EL: Peki sizi en çok şaşırtan şey ne oldu?
AZ: Beni en çok şaşırtan şey, okulların kantinlerinde, hatta bazı küçük marketlerde normal suyun satılmaması oldu. Sadece “mineralwasser” dedikleri asitli sular satılıyor ve Almanlar sürekli bu suyu içiyorlar. Bu beni çok şaşırtmıştı.
EL: Teşekkür ederim. Şimdi de Frankfurt hakkında biraz konuşalım. Dolu dolu 12 gün geçirdiğimiz bu şehirde en sevdiğiniz yer neresiydi?
AZ: Römer Meydanı en sevdiğim yerlerden birisi oldu. Çok eski tarihlere dayanıyordu oradaki evler, binalar. Bir sürü hediye dükkânı vardı. Her yer kafeler ile doluydu. Ve tabi buradaki sanat, müzik. Sokak sanatçılarını izlemek çok keyifliydi. Pandomimler vardı. Santur çalan vardı, saksafon çalan vardı, keman çalan vardı. Çok sevdim.

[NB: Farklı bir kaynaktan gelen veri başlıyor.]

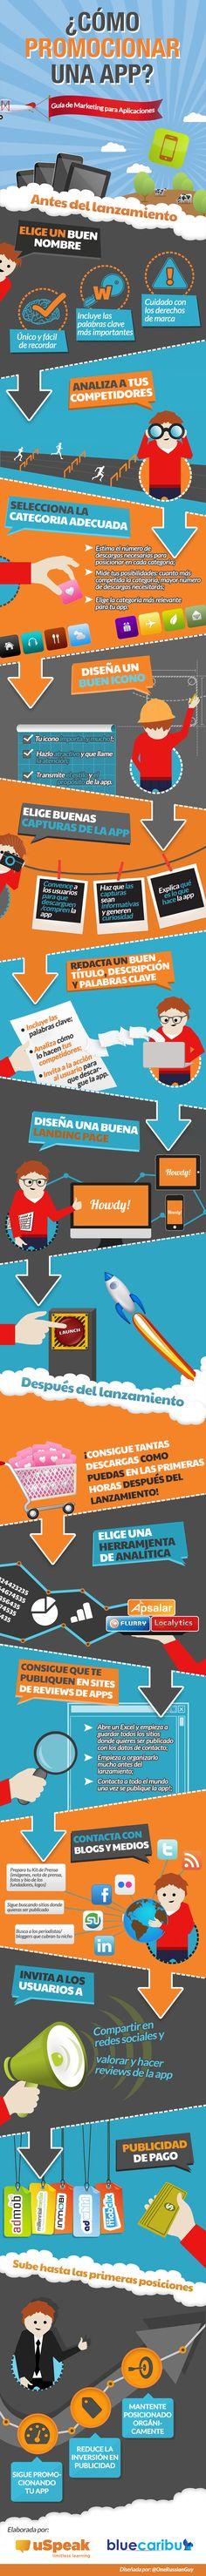 Cómo promocionar una APP #infografia

EL: Frankfurt'tan ayrılıyoruz. Düşünceleriniz neler?
AZ: 10 gündür burası gerçekten yuvamız haline geldi. İkimiz burada başımızın çaresine bakmayı, bir şekilde yaşamayı öğrendik. Buradan ayrıldığım için üzgünüm. Frankfurt’ta turist olmak çok hoşuma gitti.
EL: Peki sizce her seyahat eden turist midir? Ya da turist olmak için ne gerekir?
AZ: Turist olmak için o yerin tarihini öğrenmeye, orayı keşfetmeye dair içinizde bir heves olmalı. Her gezen turist olmaz bence. Biz bir sürü müze gezdik ve hakkını vererek gezdik. Bizim üç saatte gezdiğimiz müzeleri yarım saatte gezenler de vardı. Yani onlar sadece sanırım fotoğraf çekilmeye girmişlerdi. Yani her gezen turist olmuyor.
EL: Son olarak Türkiye'yi özlüyor musunuz? Öyleyse en çok neyini?
AZ:Türkiye'yi özlüyorum. Tabii ki özlüyorum. Aslında Türkçe konuşmayı özlüyorum derdim. Ama burada zaten çok Türkçe konuşan duyuyoruz. Ben ailemi özledim, arkadaşlarımı özledim.
EL: Teşekkür ederiz. Son olarak eklemek istediğiniz bir şey var mı?
AZ: Beni bloguna konuk ettiğin için ben teşekkür ederim. Son olarak şunu eklemek istiyorum, yaklaşık bir haftadır iğnelerimi Elif yapıyor ve eli gerçekten çok hafif. (Bunu kendi özgür iradesiyle söyledi.) Diyeceklerim bu kadar. Takipte kalın!